Well they look very complex to me, too. And I haven't a 'method' for either. So I'll just tell you where my thoughts have gone. Maybe it will help; maybe someone else will come up with a 'slick' solution.

Q1. z is the only 'unknown here so it should be possible to eliminate it, at the cost of one equation, leaving a single equation that leads to the required form.

I took the second equation and wrote sin(z) in terms of cos(z). Then I substituted into the first equation, hoping all the cos terms would cancel. Huh! No such luck!

But you do get a single cos(z) term so maybe you could substitute that back along with the expression for sin(z). But I fear that might lead to everything cancelling and 0 = 0. Re-assuring, but not much help!
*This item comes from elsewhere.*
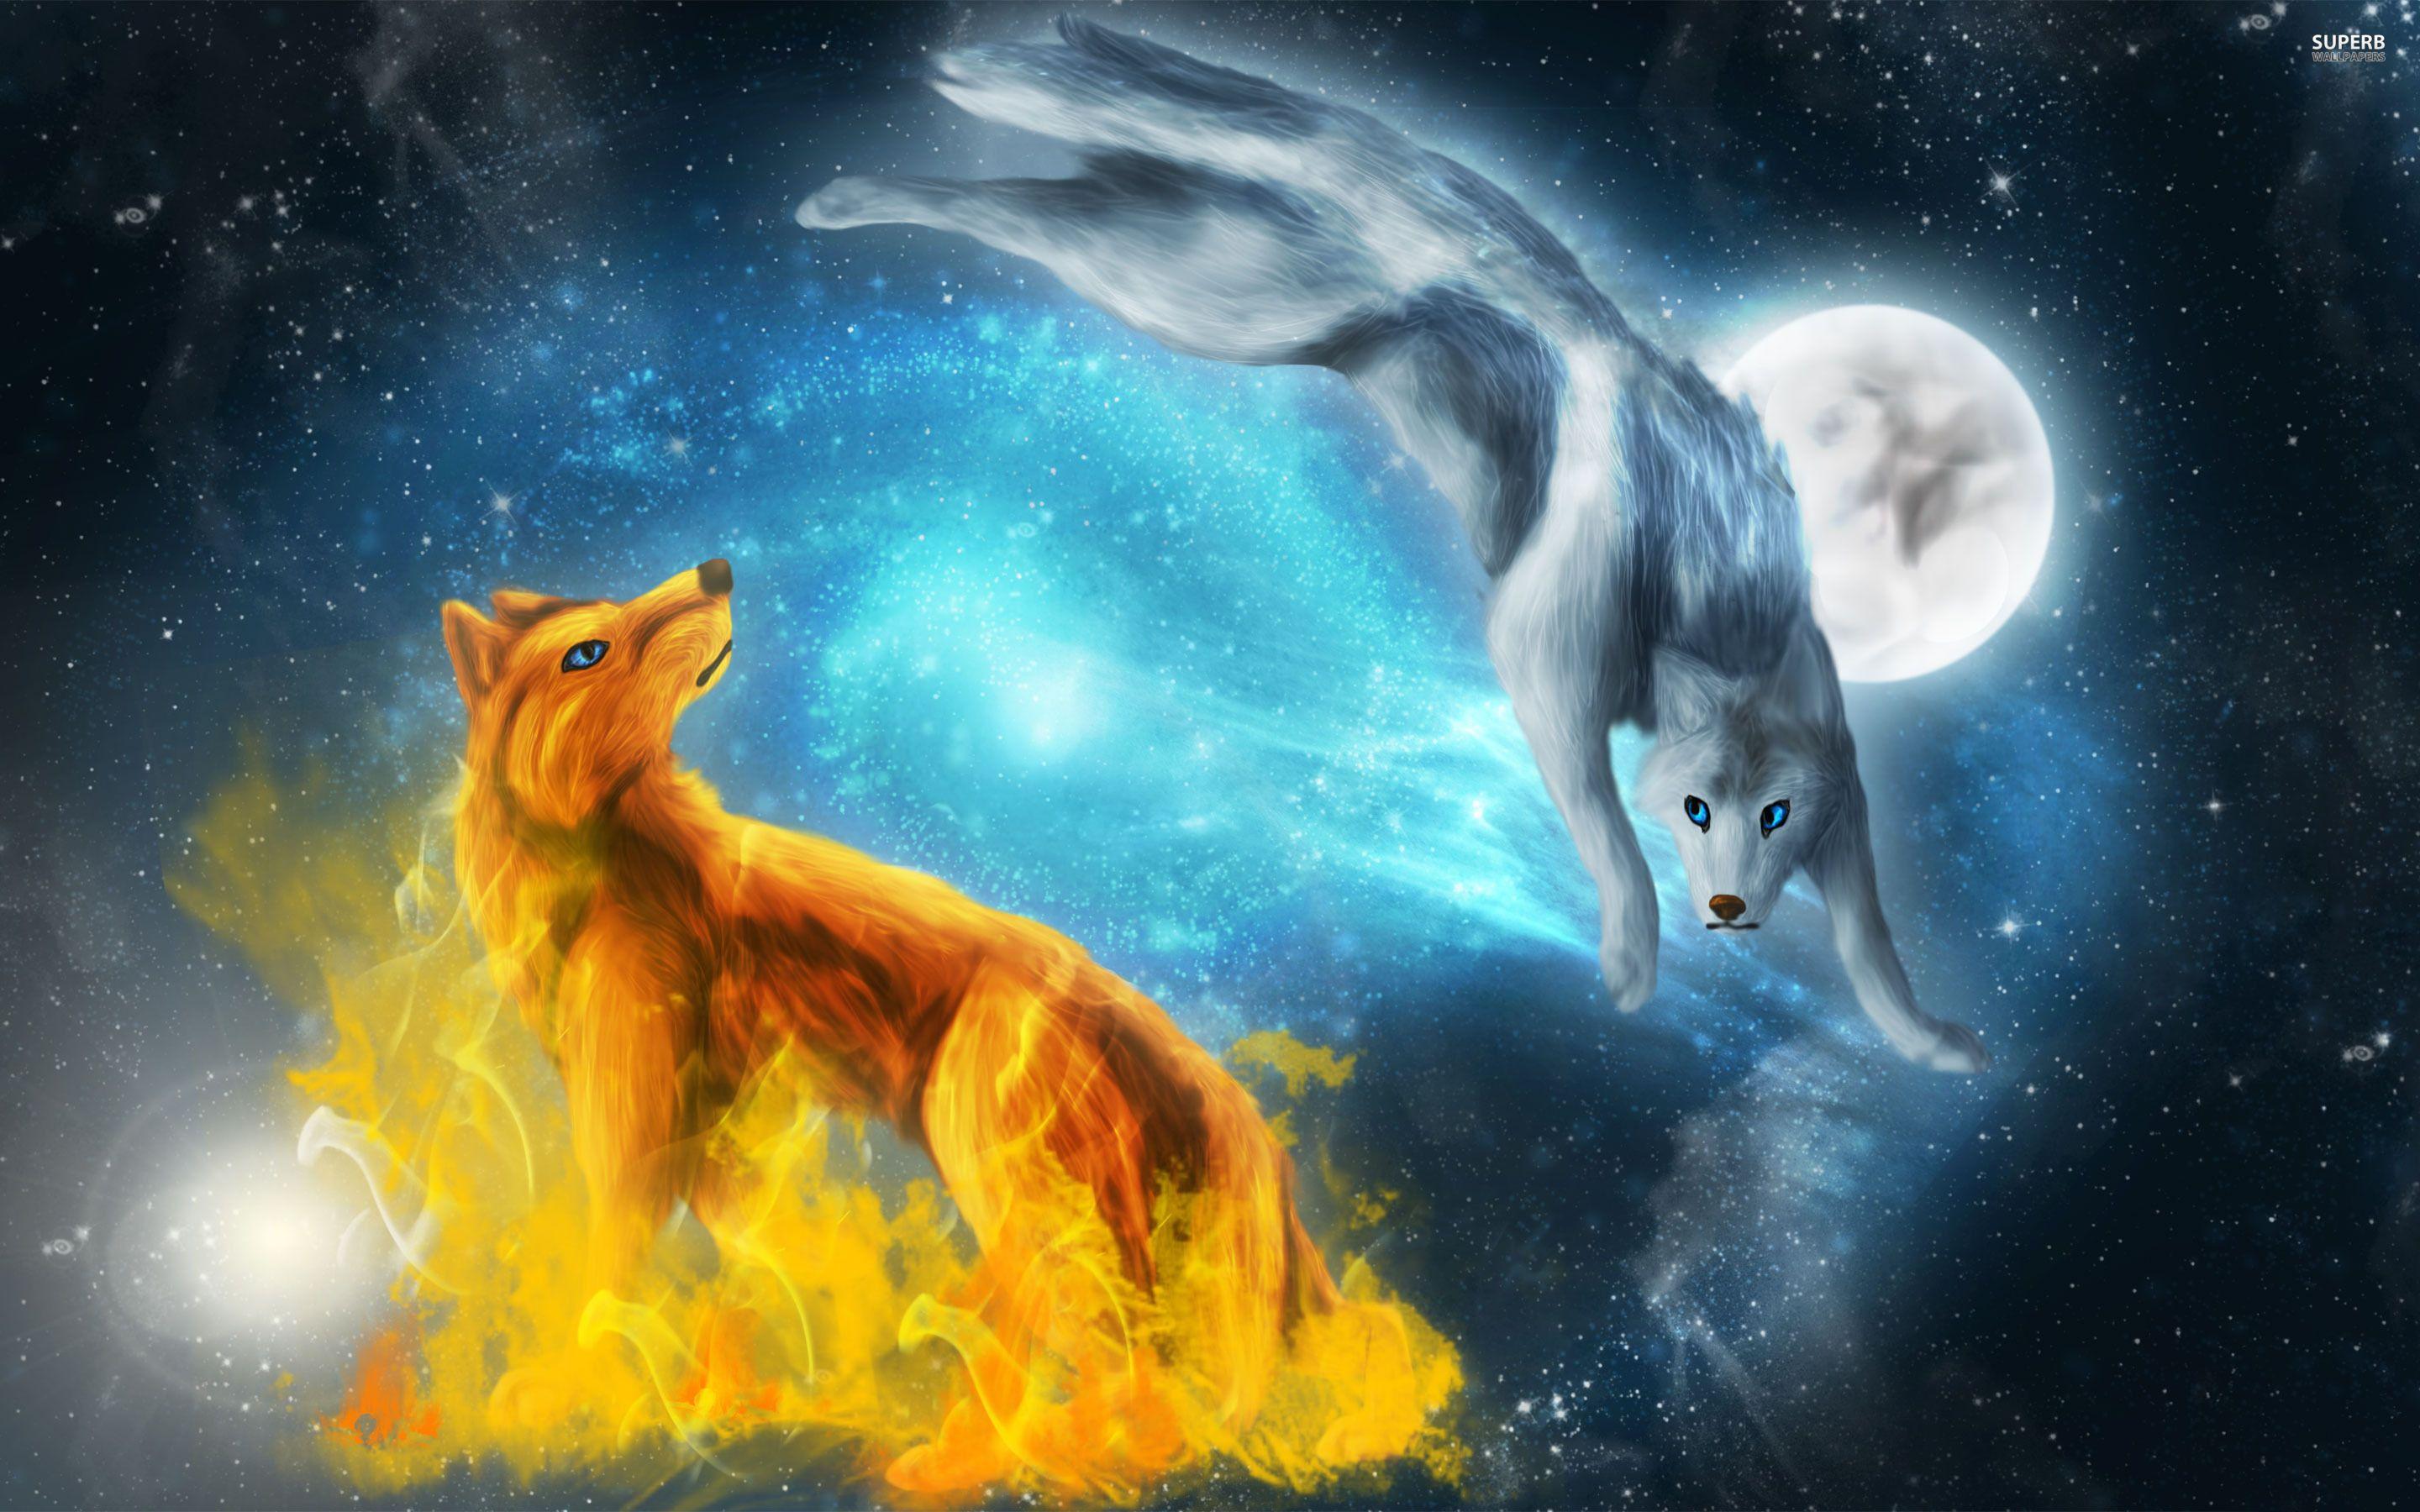 Amazing Wolves Image: Amazing Wolves image. Wolf wallpaper, Ice wolf wallpaper, Fantasy wolf

But we also know that sin squared plus cos squared makes 1, so you could get a second expression for cos(z) and then eliminate it. This 'must' leave the required equation, since it is a valid equation with all the right algebraic terms. But It looks like a very messy lot of algebraic simplification will still be needed.

I'll keep thinking about this.

Q2. This time we have two unknowns to eliminate ( p and q) and three equations. So, again it should be possible. If the incentive was strong enough (eg. I was offered a lot of money) I could use the quadratic formula on each of the first and second equations to get expressions for q and for p and then substitute these back into the third equation. Once again it looks horribly messy, especially as the quad. formula has two solutions for each of q and p. Yuck!

I wonder what happens if you use the third to make cos the subject and then sub back into the other equations. You don't really want to eliminate the cos, but maybe it makes the equations simpler.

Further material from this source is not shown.